= Luis Aguirre Pinto =

Chilean composer (born 1907)

M. Luis Aguirre Pinto (10 August 1907 – 7 July 1997) was a Chilean composer, folk musician and folklorist. An honorary citizen of the city of Valdivia, he was born in Copiapo but moved, at the age of seven years, to Santiago.

==Education and career==
In Santiago Luis Aguirre Pinto studied at the Liceo José Victorino Lastarria and Manuel Barros Borgoño. In 1924, at the age of 17 years, with the song Lluvia de besos (Rain of kisses) he won a competition held by the Odeon label. Four years later he began his first continental tour with Angela Ferrari, European tango performer, and in Lima, composed one of his first popular songs, the waltz Reminiscencia.
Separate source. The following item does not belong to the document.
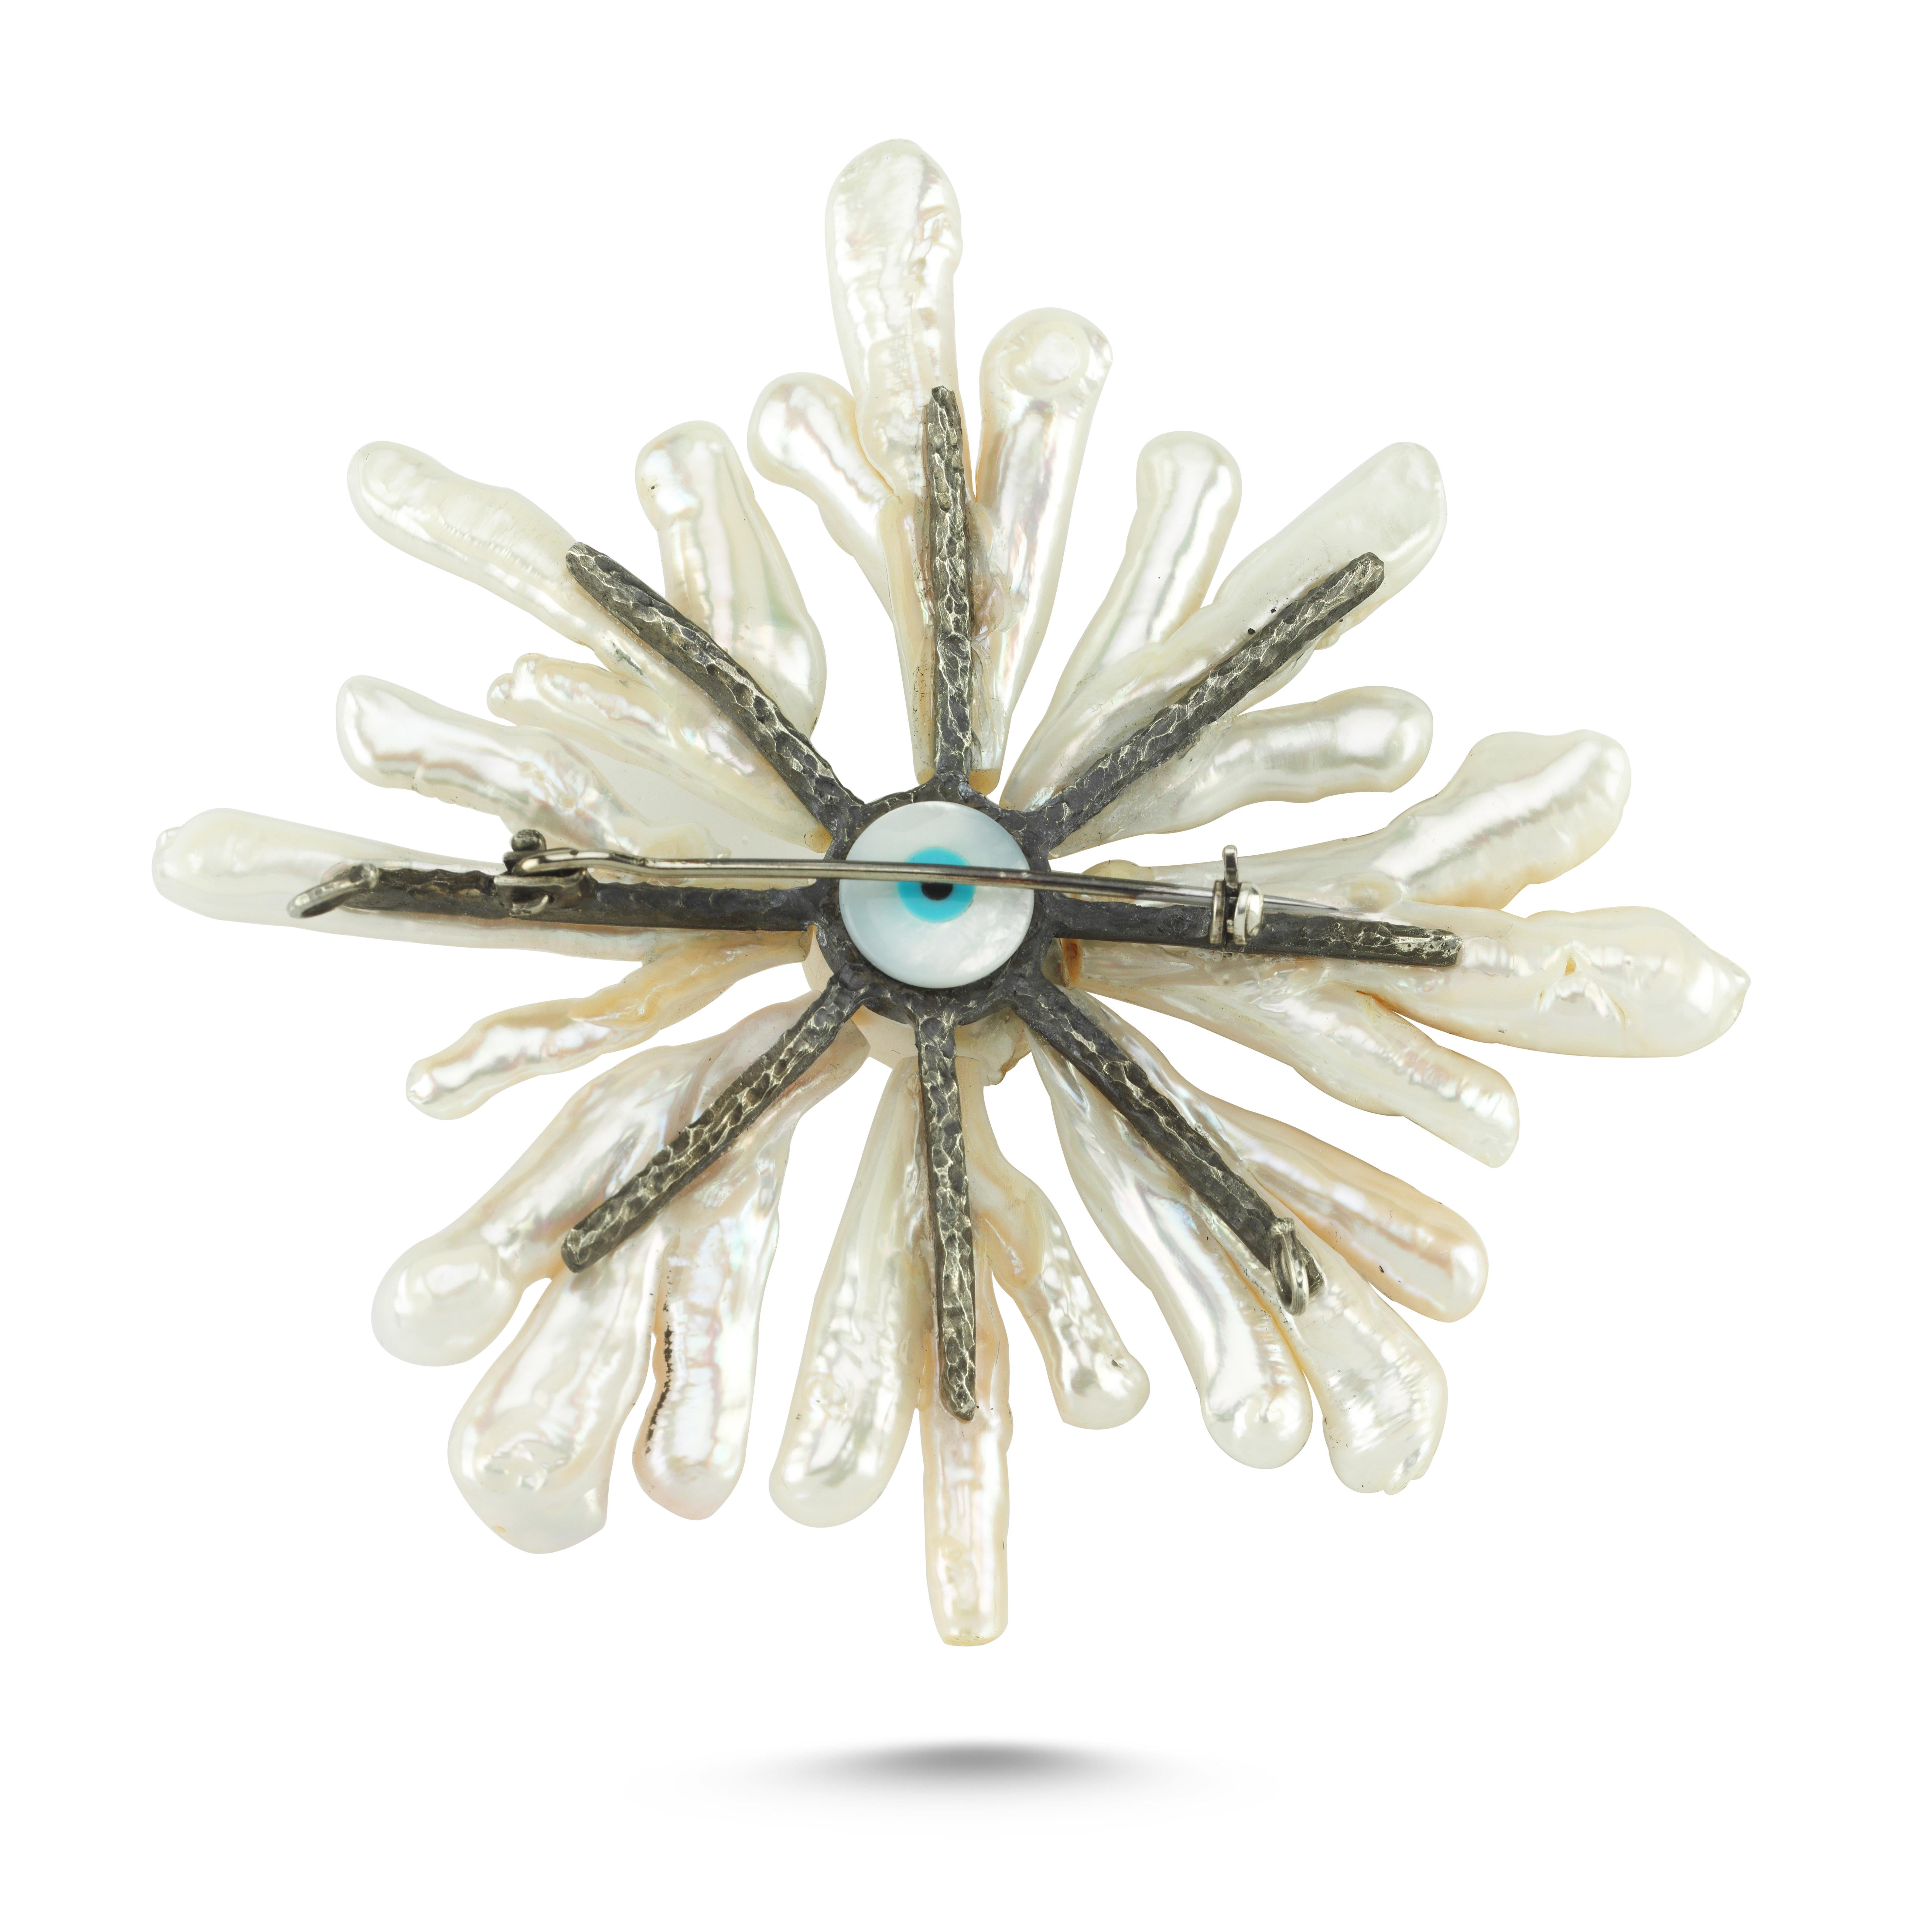 Cette broche en argent 925 et perles baroques est fabriquée à la main par des artisans orfèvres qui ont inspiré le designer Emre Osmanlar, à partir de formations inhabituelles de perles assemblées dans un motif de soleil, de couleurs pures et

‘’Therefore‘’Upon returning to Chile, he created his orchestra with which he recorded and accompanied many artists and even composed themes for early films. Among them were, Chile's first talking film, Hombres del sur (Men of the south). He did the songs Rayo de luna (Moonbeam) and Canción de ausencia (Song of absence). He also collaborated on the films Llampo de sangre and Tierra quemada.

His most important songs are Camino agreste (1950) and Camino de luna (1958), lyrics devoted to the southern cities of Corral, Valdivia and Niebla. Camino de luna earned him the title of Honorary Citizen of the city of Valdivia.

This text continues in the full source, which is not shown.